Refinery29
- Website type: Media and entertainment
- Available in: English
- Founded: November 2005; 20 years ago
- Headquarters: 225 Broadway, New York City, {{{location_country}}}
- Owner: Sundial Media Group
- Founders: Philippe von Borries Justin Stefano Piera Gelardi Christene Barberich
- Employees: Over 500 (as of October 2017)
- Website: refinery29.com
- Launched: Summer 2005
- Current status: Active

= Refinery29 =

American digital media and entertainment company

Refinery29 (R29) is an American multinational digital media and entertainment website focused on young women. It is owned by Sundial Media Group. It has online editions running in the United States, Germany and France.

==History==
Justin Stefano, Philippe von Borries, Piera Gelardi, and Christene Barberich co-founded Refinery29 in 2005 as a city guide, emphasizing fashion local to New York City. The name of the website alludes to the website distilling information into its essence. The company headquarters is located in the Financial District, Manhattan neighborhood of New York City.

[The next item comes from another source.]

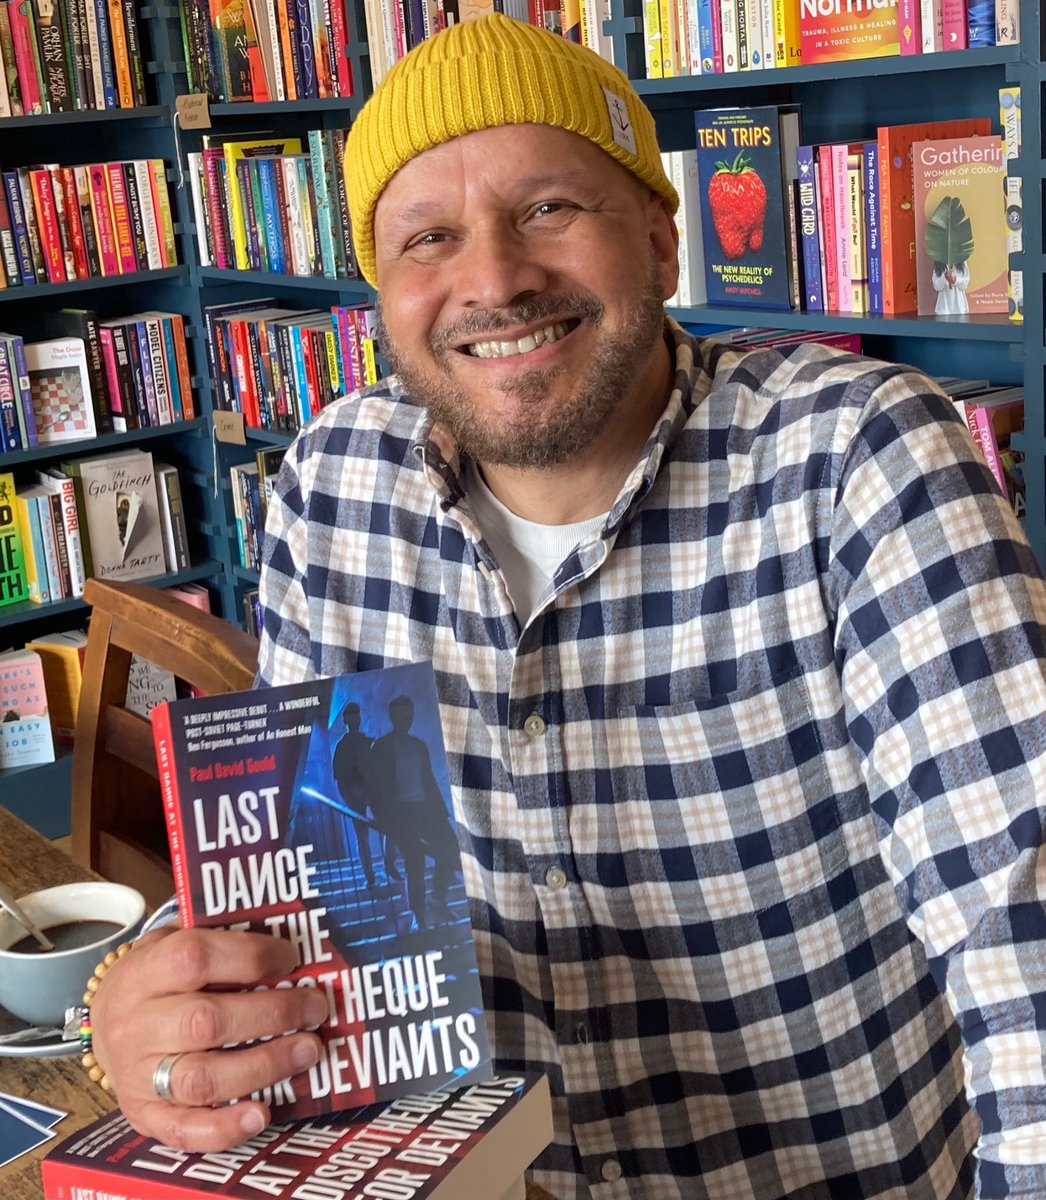 Called in @theheathbookshop, #Birmingham to sign copies of my #Russian #antiwar pre-#Putin LGBT thriller ‘Last Dance’, pub’d @unbounders Am en route to talk #Russia & #creative writing *TODAY* at my alma mater @unibirmingham

Refinery29 has over 450 employees globally with offices in Los Angeles, London, and Berlin. In 2015, the company launched a UK edition at www.refinery29.uk and the following year in 2016, a German edition at www.refinery29.de. In 2016, Refinery29 announced it had raised $45 million in funding led by Turner. As of 2017, Refinery29 reaches an audience of over 500 million globally.

On October 2, 2019, Vice Media announced that it would acquire Refinery29. The deal, worth a reported $400 million, valued the combined company at $4 billion.

In March 2021, Pedestrian Group announced a multi-year deal with Vice Media and Refinery29 to become the Australian digital publishing home of both brands. A new team was announced for Refinery29 later that year.

On May 15, 2023, Vice Media formally filed for Chapter 11 bankruptcy, as part of a possible sale to a consortium of lenders including Fortress Investment Group, which will, alongside Soros Fund Management and Monroe Capital, invest $225 million as a credit bid for nearly all of its assets.

In April 2024, Sundial Media Group purchased the company. Refinery29 at the time of the sale had around 100 employees and roughly $100 million in annual revenue.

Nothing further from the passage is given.